Part Four: Early Permian, 290 MYA

 

The Carboniferous Rainforest Collapse has signalled the dawn of the Permian Period. The global climate is slowly becoming more arid. In Texas, one of the last remnants of the preceding period remains: a swamp, that will soon see its end.

 

A herd of Edaphosaurus bask in the sunlight. These creatures may look like reptiles, but they're actually more closely related to us. These quadrupedal synapsids possess a magnificent sail on their back that helps monitor their body temperature. However, they're not the only sail-backs around.

 

As the herd was gathered around a lake, drinking and feeding, an ominous smell filled their nostrils. The scent of fear. Dread began to fill their brains as something charged at one of them: another sail-back!
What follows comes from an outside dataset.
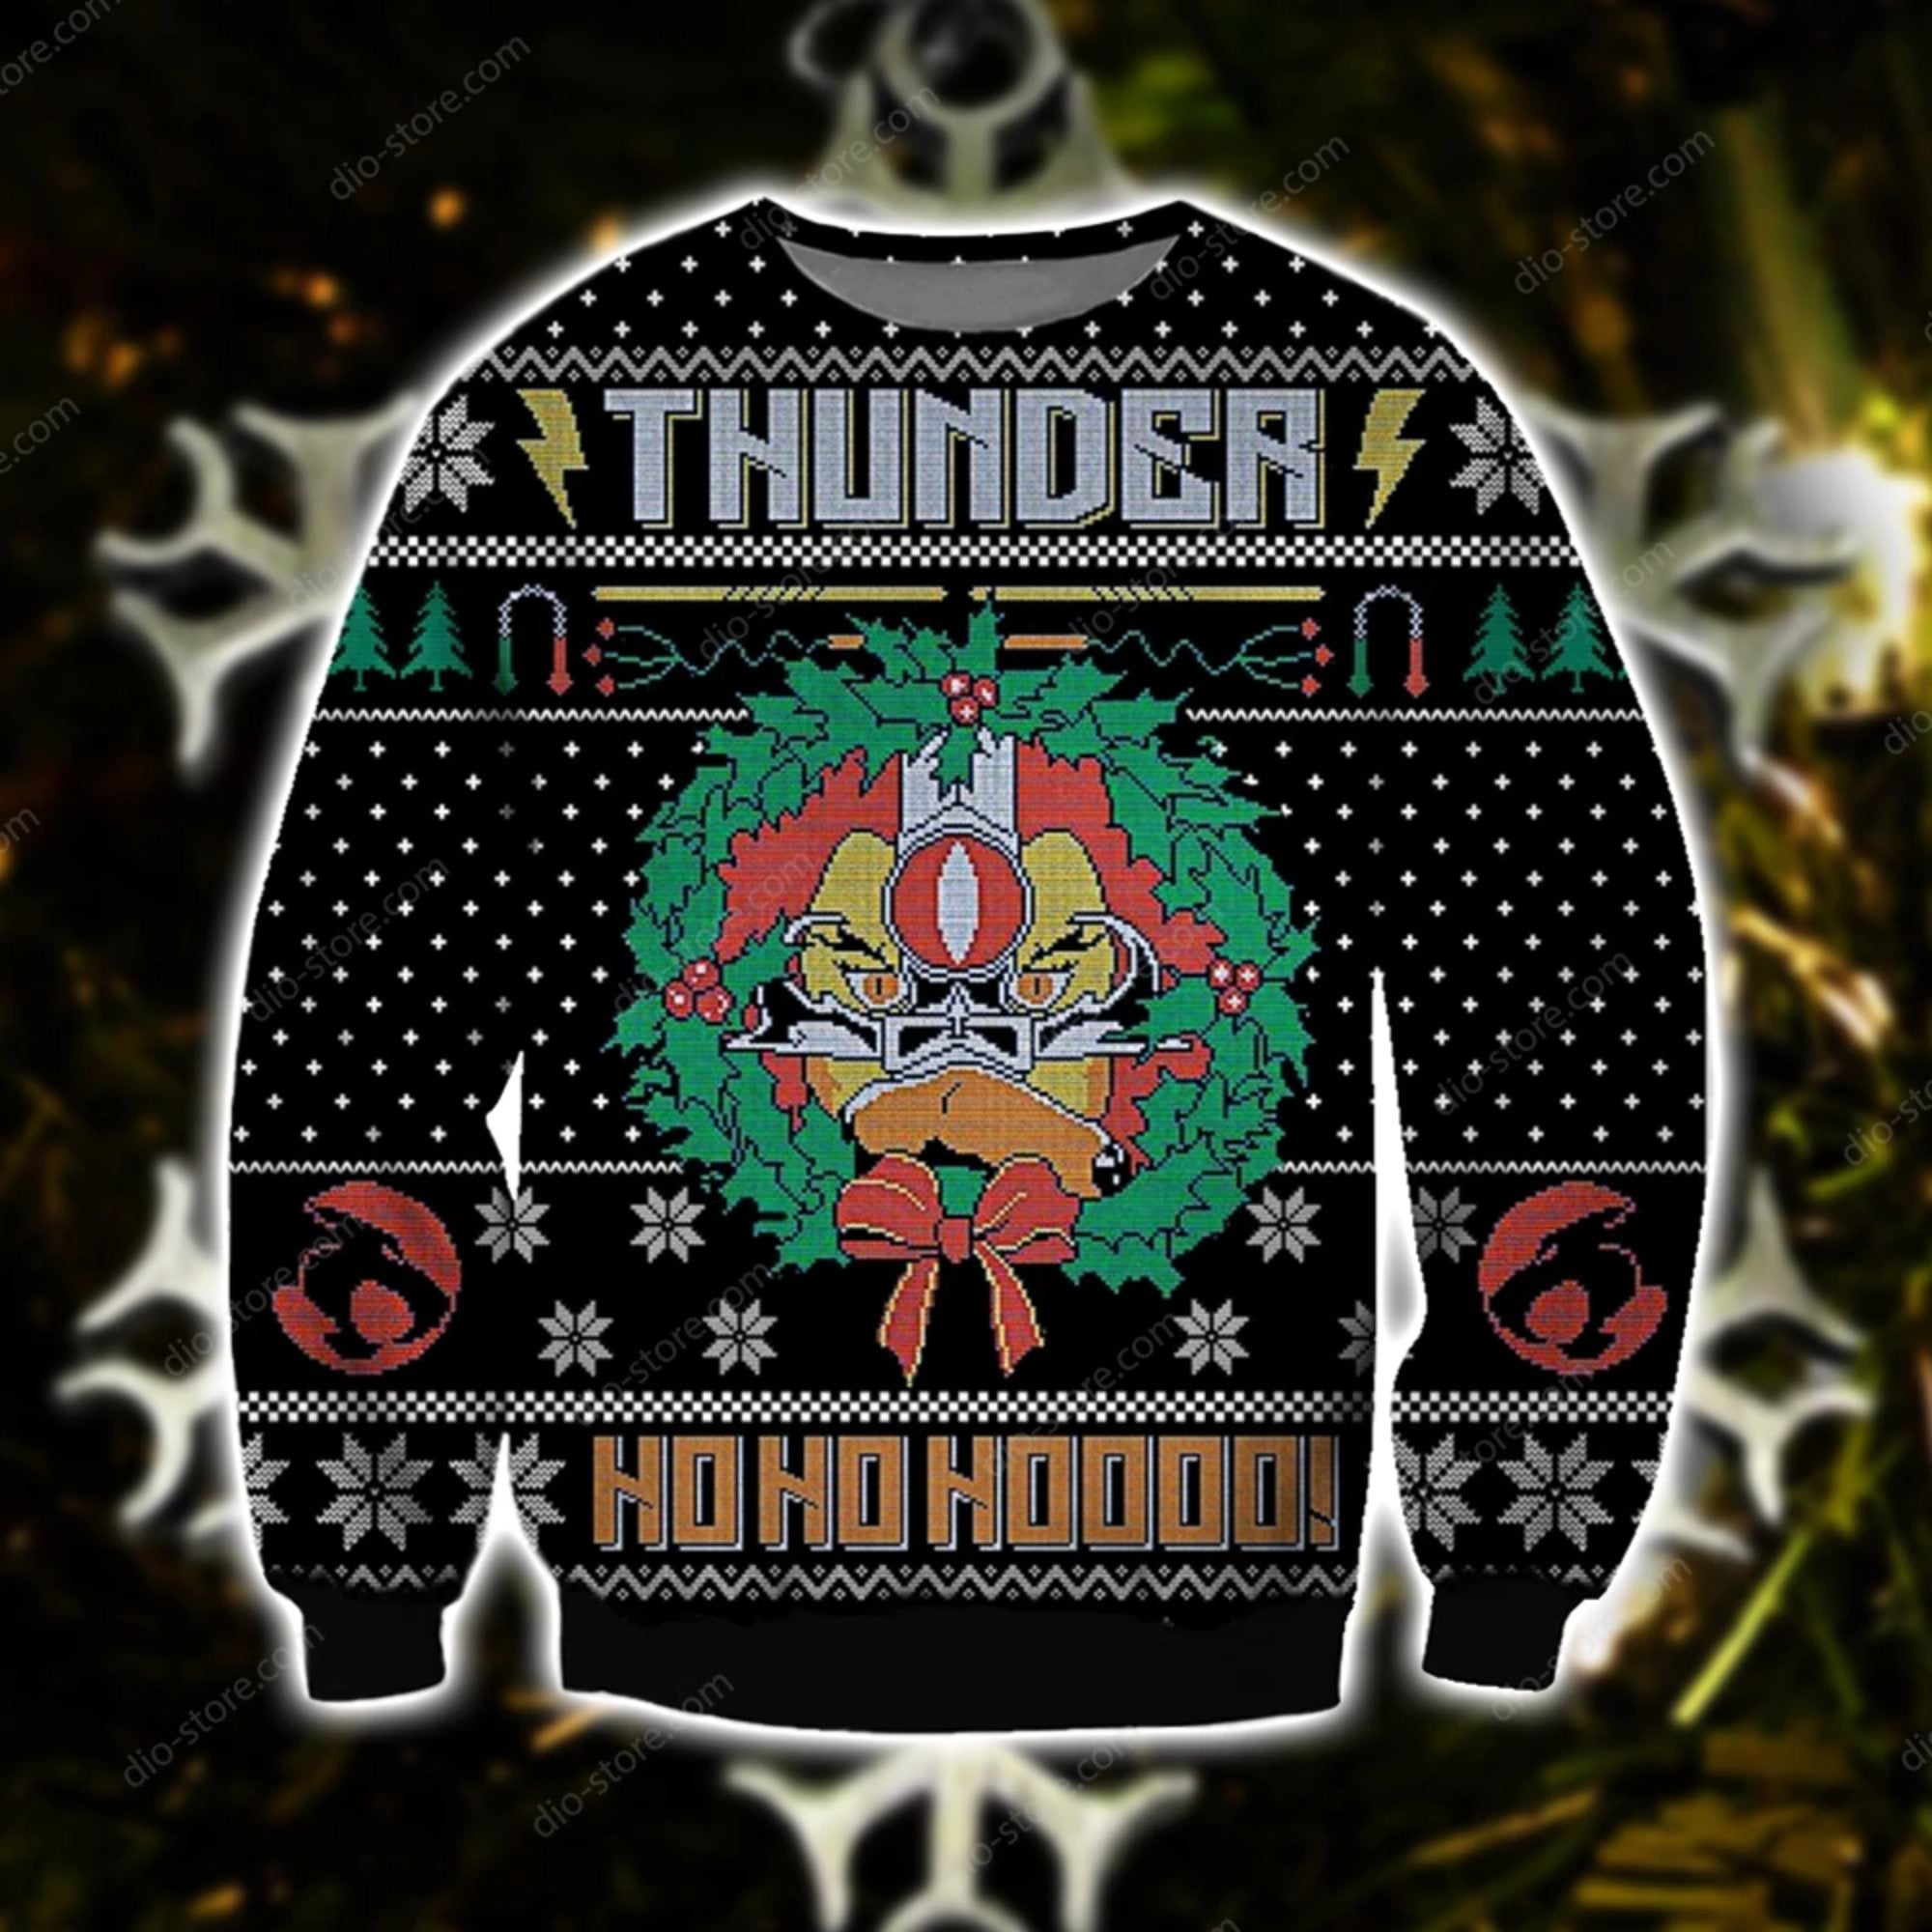 Thunder Ho Ho Ho Knitting Pattern 3D Print Ugly Christmas Sweater Hoodie All Over Printed Cint10577
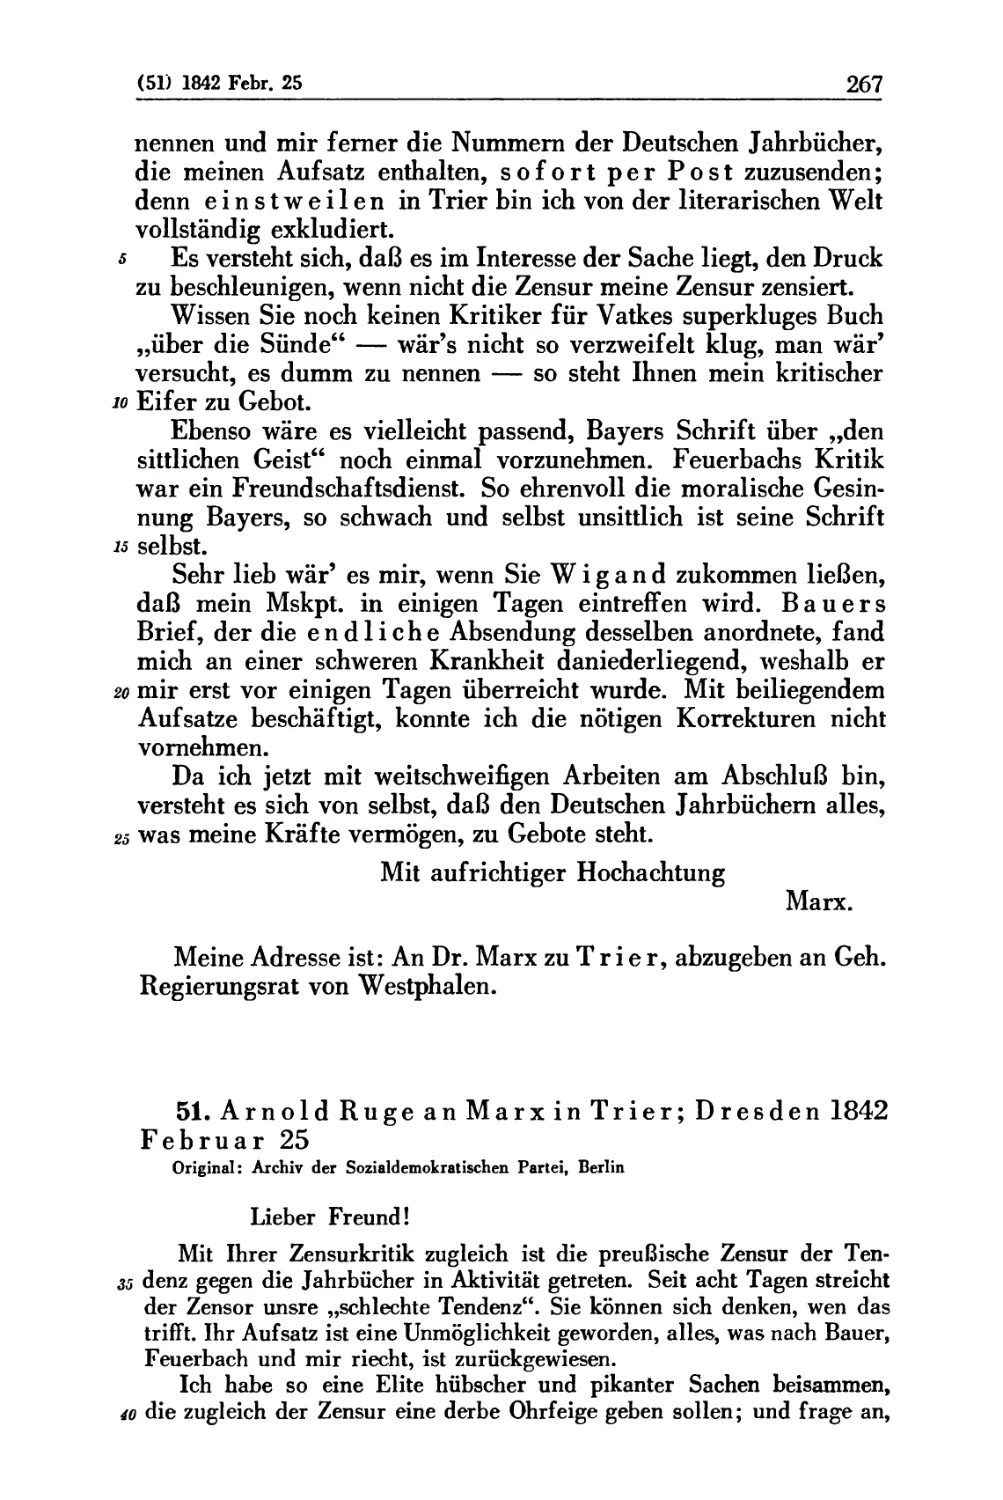 51. Arnold Ruge an Marx in Trier; Dresden 1842 Februar 25

Only this one was a carnivore, a predator.

 

The injured Edaphosaurus shrieks in pain as razor-sharp teeth impale his leathery hide. The attacker isn't another Edaphosaurus; his kind are peaceful herbivores. The carnivore is a Dimetrodon; the most famous animal of the Paleozoic Era. The wounded Edaphosaurus lags behind the fleeing herd as blood drips from a gash in his side. The carnivore follows as the herbivore collapses. He is quickly finished off by the fearsome fangs of the Dimetrodon.

 

Dimetrodon is not a dinosaur. Like Edaphosaurus, he's a synapsid; more closely related to mammals. He's our most unlikely ancestor. The predator rips into the carcass, pulling out chunks of flesh with every bite. The synapsid then rests near the water's edge. He's named Apollo, after the Greek God of the Sun. When he's not hunting or eating, Apollo spends most of the day relaxing. This has been his territory for his entire life. However, his home will soon be gone, as the wet swamps are slowly replaced with dry deserts.

 

The Edaphosaurus are the ones who suffer the most from the loss of their swampland home. Their primary source of food will be cut off, leaving them with nothing to eat. Without any Edaphosaurus to hunt, Apollo will eventually starve.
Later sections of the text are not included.